Уже стемнело. После ужина Алексей хотел как всегда, взяться за книги, писать, конспектировать, но не мог. Принялся шагать по комнате. Было не по себе. И он никак не мог понять, откуда идет это гнетущее чувство. А это росло недовольство собой за то, что он не может пойти сейчас и вышвырнуть Ракитина вон, за то, что не может обойтись без него.
Ну и черт с ним, пускай занимается своей частной практикой. Ведь он сразу предупредил, и если рассуждать спокойно и логически…
Но в этот вечер Алексей просто не мог рассуждать спокойно и логически.
8
Весна выдалась плохая. Погода стояла неровная: подует ветер с севера или востока - и метет поземка, стужа пробирает до костей; повернет с юга или запада - и сразу же теплынь: небо затягивается густыми облаками, дождь принимается мыть давно не крашенные крыши. Вода мутными потоками стекает с них, окрашивает в ржавый цвет серые камни тротуаров.

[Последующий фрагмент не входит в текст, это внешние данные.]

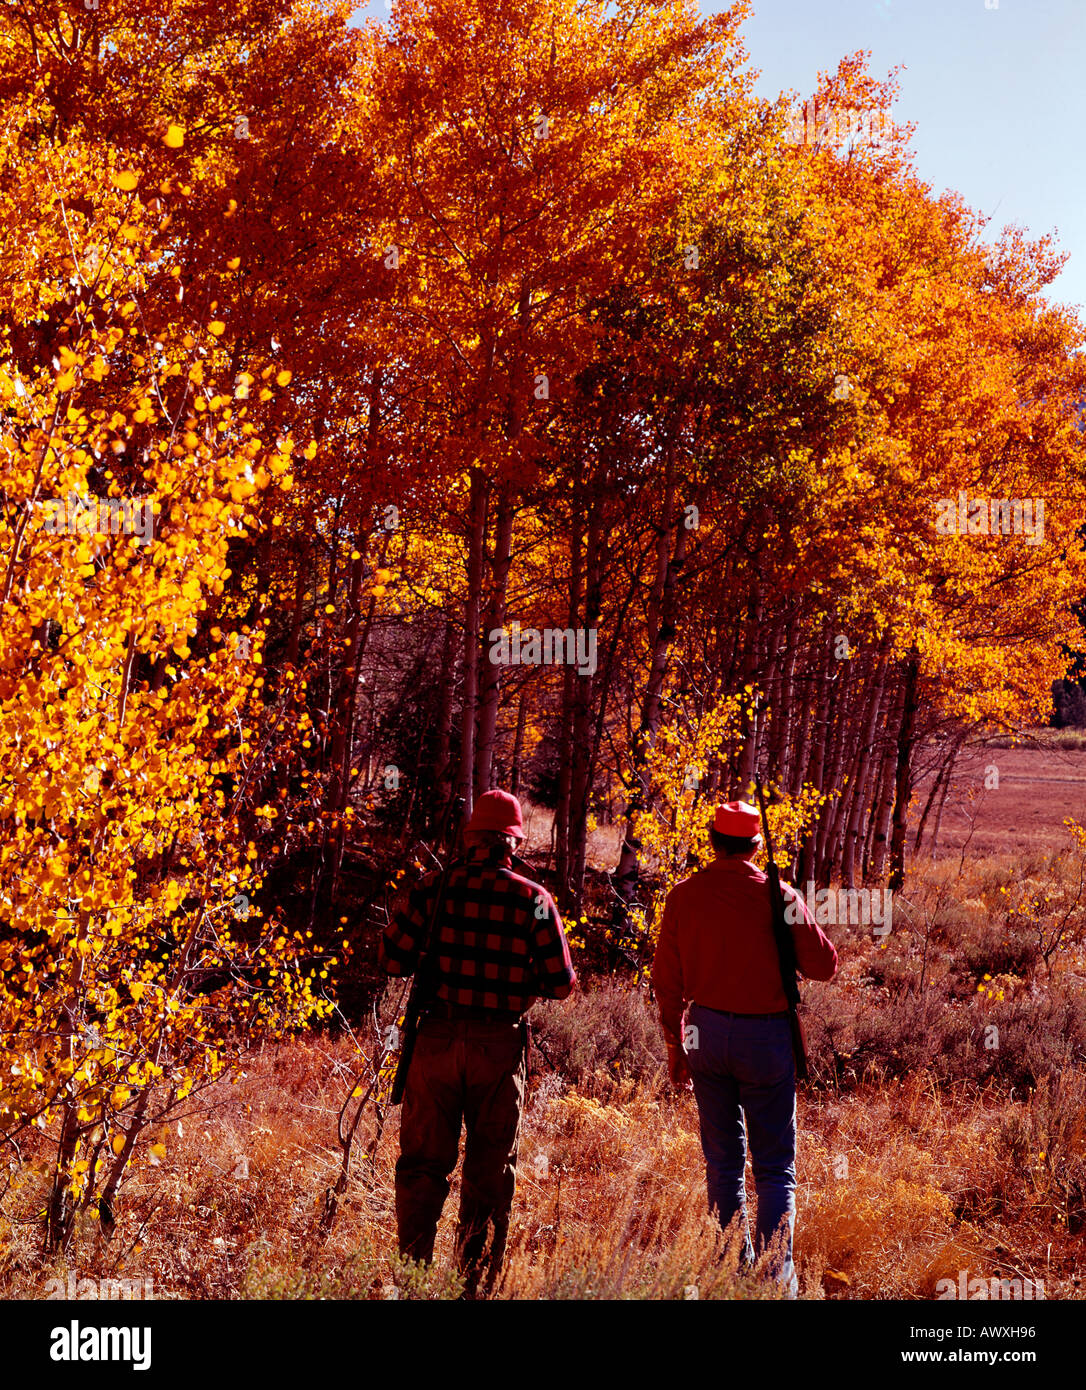 Deux chasseurs de gros gibier entrer dans un bosquet de trembles mis aux couleurs de l'Automne doré Banque D'Images

Вспучилась река. С громким треском лопается на ней грязный лед, разбивается о сваи еще разрушенных причалов, и течение несет это крошево вниз, к лиману, в море.
В марте задули сухие ветры, подняли пыльные тучи. Потом несколько дней подряд шли проливные дожди.
По просторному больничному двору - не пройти: здесь еще с зимы все перерыто - канавы, траншеи. Глина разбухла и, когда ступаешь по ней, она противно чавкает, словно клещами, захватывает ноги и не хочет отпускать.
- Вот разверзлись хляби небесные, - говорил Гервасий Саввич, заходя утром, как всегда, в приемный покой и здороваясь с тетей Фросей - пожилой санитаркой, с которой был хорошо знаком еще с войны. - Напьется земля по самое горлышко. Будем с хлебом в этом году, Евфросинья Ивановна…
- Хлеба я и по карточке получу, - ответила тетя Фрося. - Хлебом государство меня обеспечивает. Хоть не досыта, а обеспечивает. А вот молоко, мясо…
- Будет хлеб - будет и молоко, и мясо, и колбасы, и все будет.
- Что оно там будет, не знаю, - отвечала тетя Фрося, - а пока на базаре ни до чего не доступиться. Стоит торговка и, сколько язык выговорит, столько и запрашивает. За кило масла половину месячной зарплаты вынь ей и положь. Совсем потеряли совесть, будь они трижды неладные, торговки эти.
- Торговкам совесть ни к чему, - философствовал Гервасий Саввич. - Торговкам не совесть нужна, а ситуация, Евфросинья Ивановна.
- Какая еще там ситуация? - уже ворчала тетя Фрося.
- А такая, - отвечал Гервасий Саввич: - Дороги развезло, с дальних сел привозу нет, вот те, которые ближе, и пользуются случаем, три шкуры дерут. Ну, да это все временное. Потерпим… А весна хорошая. К урожаю весна, Евфросинья Ивановна. Один-два дождика в маю - и с хлебом народ.
Но ни в мае, ни в июне, ни в июле дождей не было. Ветры восточные были, бури пыльные, а дождей - ни одного, как заколдовало.